Five ways to increase your sales

Seat number 5

The pressure to increase ticket sales is an ongoing challenge for many organisations. We offer a simple approach.

Many organisations in the cultural sector face rising targets, with pressure to generate ever more sales and income.  In the face of busy workloads and the need to balance income objectives with wider organisational objectives such as audience development, this can seem daunting.

So, here’s some good news to help keep things simple.  There are only five ways to increase your ticket sales:

  • Acquisition – get new customers
  • Reactivation – get lapsed customers to come back
  • Retention – get more of last year’s customers to come back
  • Frequency – get customers to buy more shows each year
  • Party size – get customers to bring more people

Get new customers

Getting new customers is often a high priority because it can also speak to an organisation’s wider objectives including audience development.  There are many case studies around getting new customers (for example in the final report on the New Audiences programme funded by Arts Council England from 1998-2003).

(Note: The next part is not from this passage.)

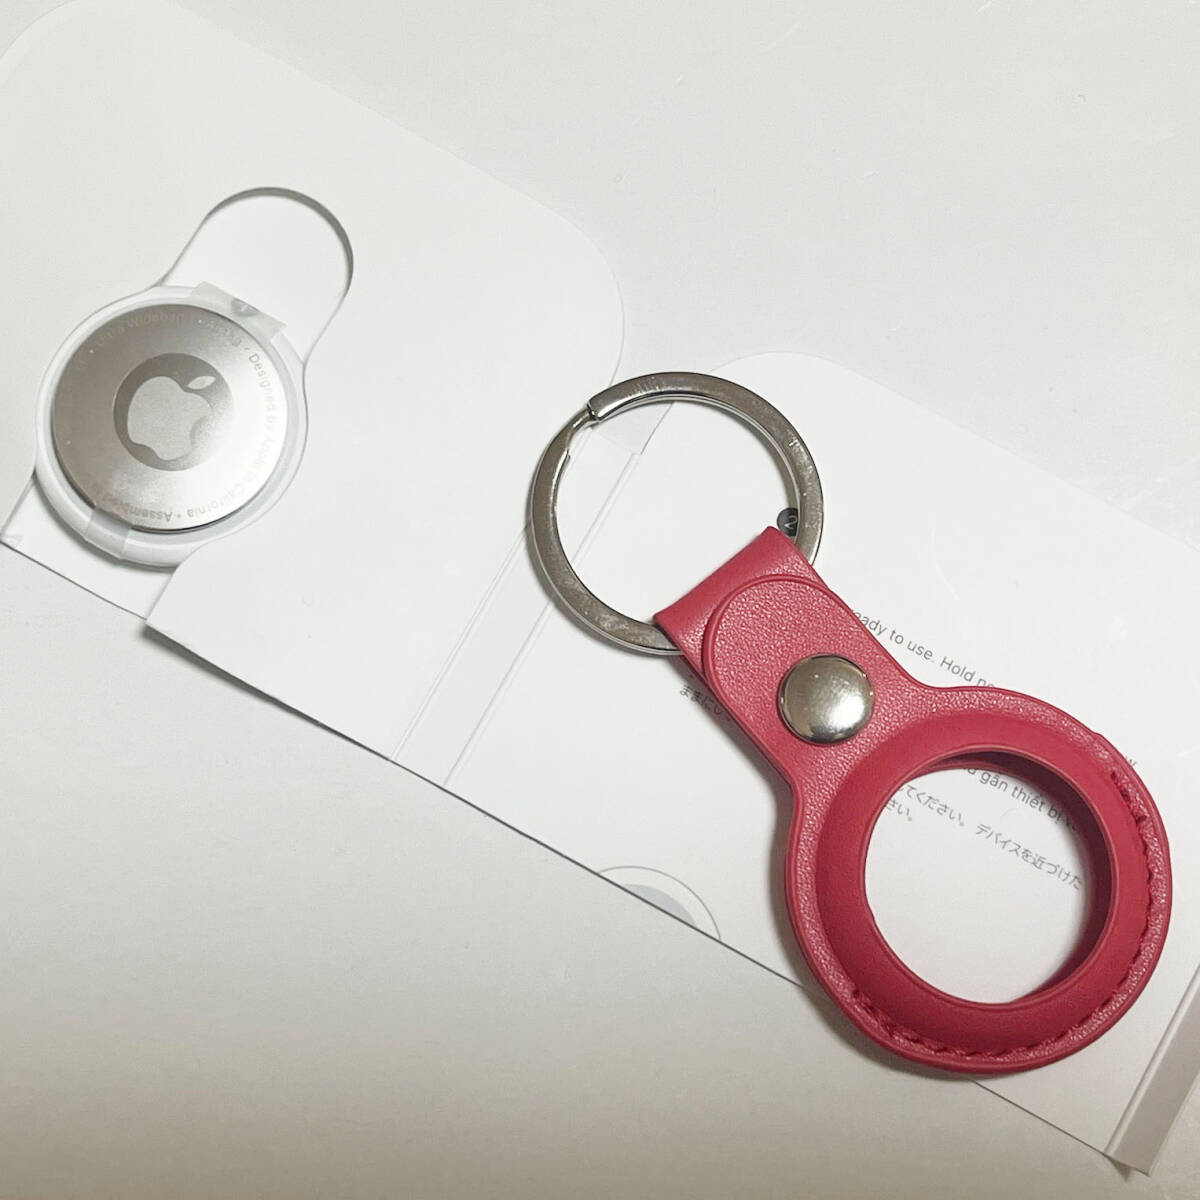 Apple AirTag本体(アップル製)＋ケース(サードパーティー製)革製・赤

Consequently, many organisations are already very good at attracting new customers, and at increasing that number each year.  However, many organisations have a lot of “oncers” – new customers who book once and apparently never come back.  If you are one of these organisations then you may agree that often the real challenge is getting them to return…

 

Get lapsed customers back

Getting historic customers to come back is often given less focus than getting new customers.  Previous bookers are typically targeted on a “show by show” basis where organisations mail people who booked shows similar to the one they are trying to sell.  What is less common is developing campaigns focused on encouraging someone to return, regardless of what they might be interested in.

 

RetentionGet more of last year’s customers back

For those managing subscriptions or membership schemes, the proportion of last year’s members or subscribers that renew is often treated as a key measure of success.  It is less commonly considered in respect of single ticket bookers.  The Segmentation Engine makes it easy to track your retention (or ‘churn’ – the measure of how many customers you are not getting back), but also your customer ‘flow’ so you can see what last year’s customers did previously and what they’re doing now.  This means you can take action to target people to return.

 

FrequencyGet customers to buy more shows

Getting customers to buy more shows each year is often the quickest ‘win’ because you are targeting customers who already know and like what you do.  Again, many organisations approach this “show by show”, rather than making an assessment of how to develop an offer to encourage different customer segments to buy slightly more across a whole year than they do now.

 

Party SizeGet customers to bring more people

As well as just encouraging a larger party size, e.g. family bookings, there are many different ways to get your current customers to market on your behalf and bring more people with them – including encouraging your customers to become ambassadors (with benefits for those customers achieving a certain level of sales) and developing your offer for groups so that bookers perceive a benefit to organising a larger group.

So, remember “Acquisition, Reactivation, Retention, Frequency, Party Size”.  These are the only five ways you can increase your ticket sales.